Optional: GUI with Gradio¶

If you want to create a small UI so you can interact with your model, you can use Gradio.

Install Gradio
```
pip install gradio
```

Generate function:

def generate(prompt):
    output = replicate.run(
        "meta/llama-2-70b-chat:02e509c789964a7ea8736978a43525956ef40397be9033abf9fd2badfe68c9e3",
        input={
            "debug": False,
            "top_k": 50,
            "top_p": 1,
            "prompt": prompt,
            "temperature": 0.5,
            "system_prompt": "You are a helpful, respectful and honest assistant. Always answer as helpfully as possible, while being safe. Your answers should not include any harmful, unethical, racist, sexist, toxic, dangerous, or illegal content. Please ensure that your responses are socially unbiased and positive in nature.\n\nIf a question does not make any sense, or is not factually coherent, explain why instead of answering something not correct.

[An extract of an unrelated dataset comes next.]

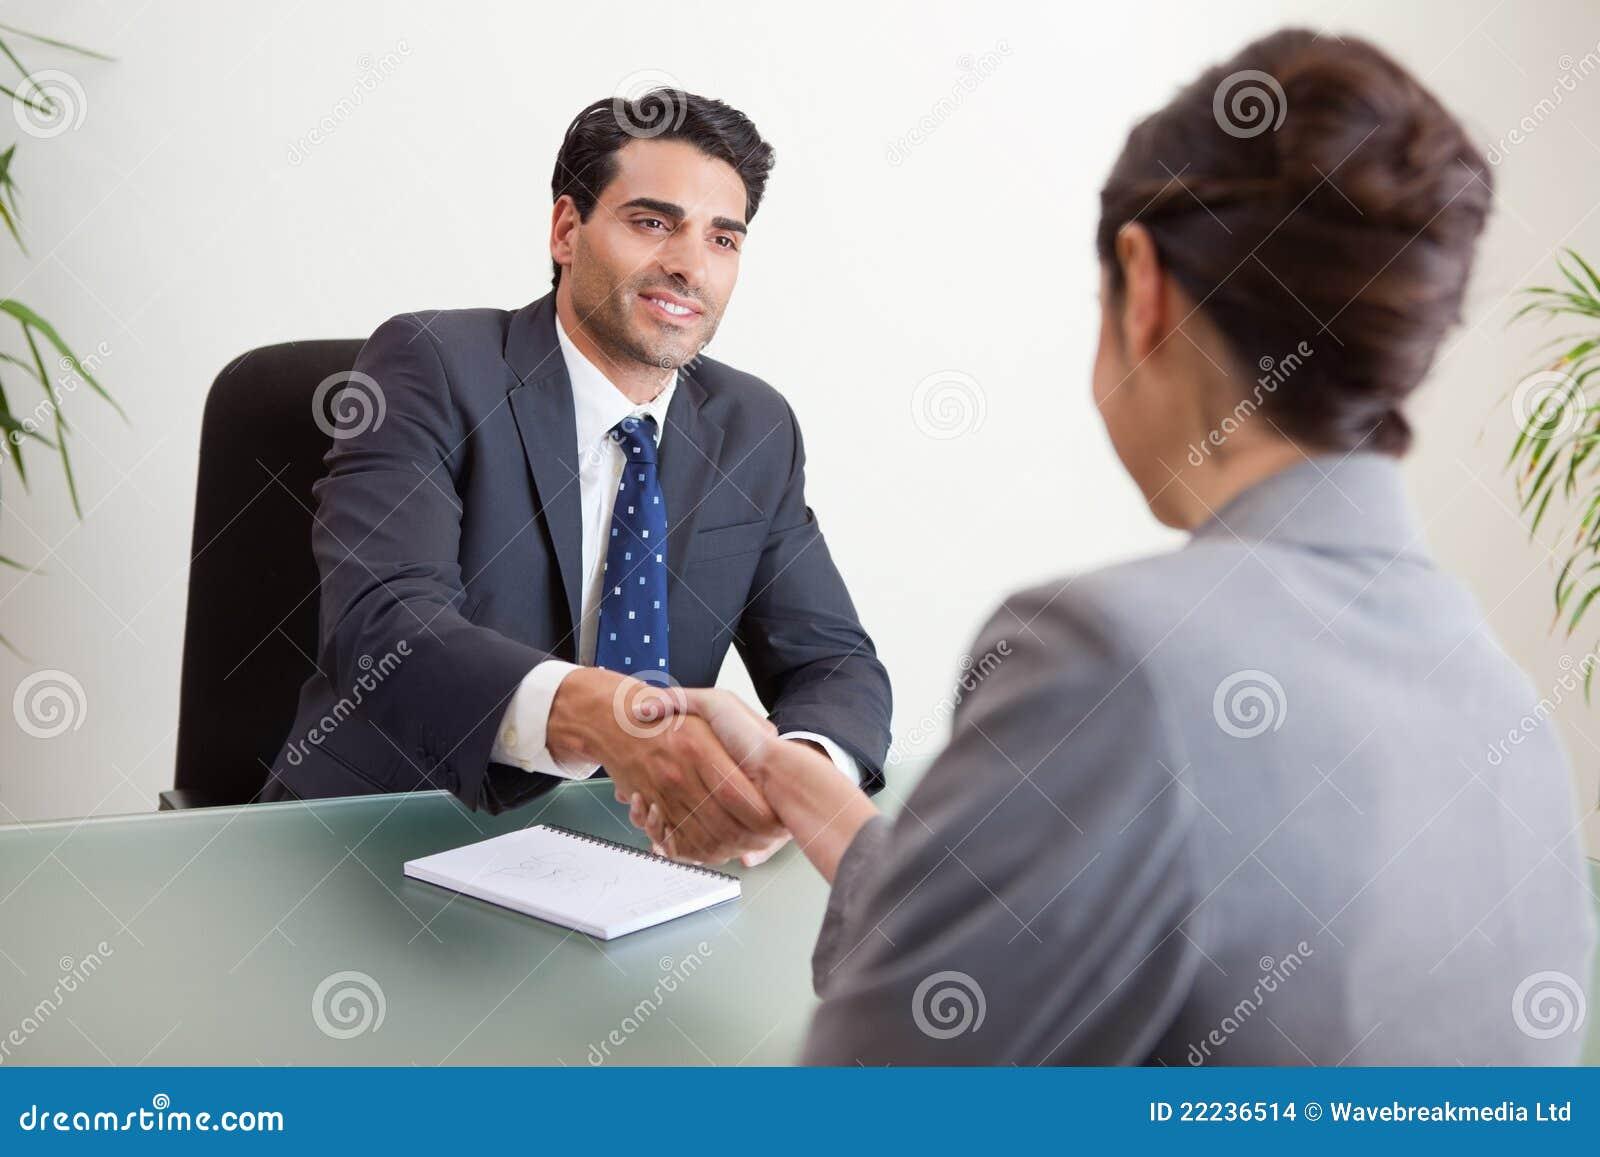 Lächelnder Manager, der einen weiblichen Bewerber interviewt

If you don't know the answer to a question, please don't share false information.",
            "max_new_tokens": 500,
            "min_new_tokens": -1
        }
    )
    full_output = ""

    for item in output:
        full_output += item
    return full_output

Launch Gradio

import gradio as gr
title = "LLama2 70b Chat NLP Lecture Demo"

description = "This is a demo for the LLama2 70b Chat NLP Lecture Demo"

gr.Interface(fn=generate, inputs=["text"], outputs=["text"], title=title, description=description, theme= 'finlaymacklon/boxy_violet').launch(server_port=8085, share=True)

Example Running on local URL: http://127.0.0.1:8085

Demo GUI

Key Takeaways¶

There are many open-source models you can try for your product.
A 3 or 7-billion-parameter model is particularly valuable for the open-source community as it can run on a variety of GPUs, including many consumer GPUs.
Llama 7B -> 28GB of GPU RAM to run locally
Perhaps fine-tune a smaller model for a specific use case?
A qualitative dataset is important for both training and fine-tuning.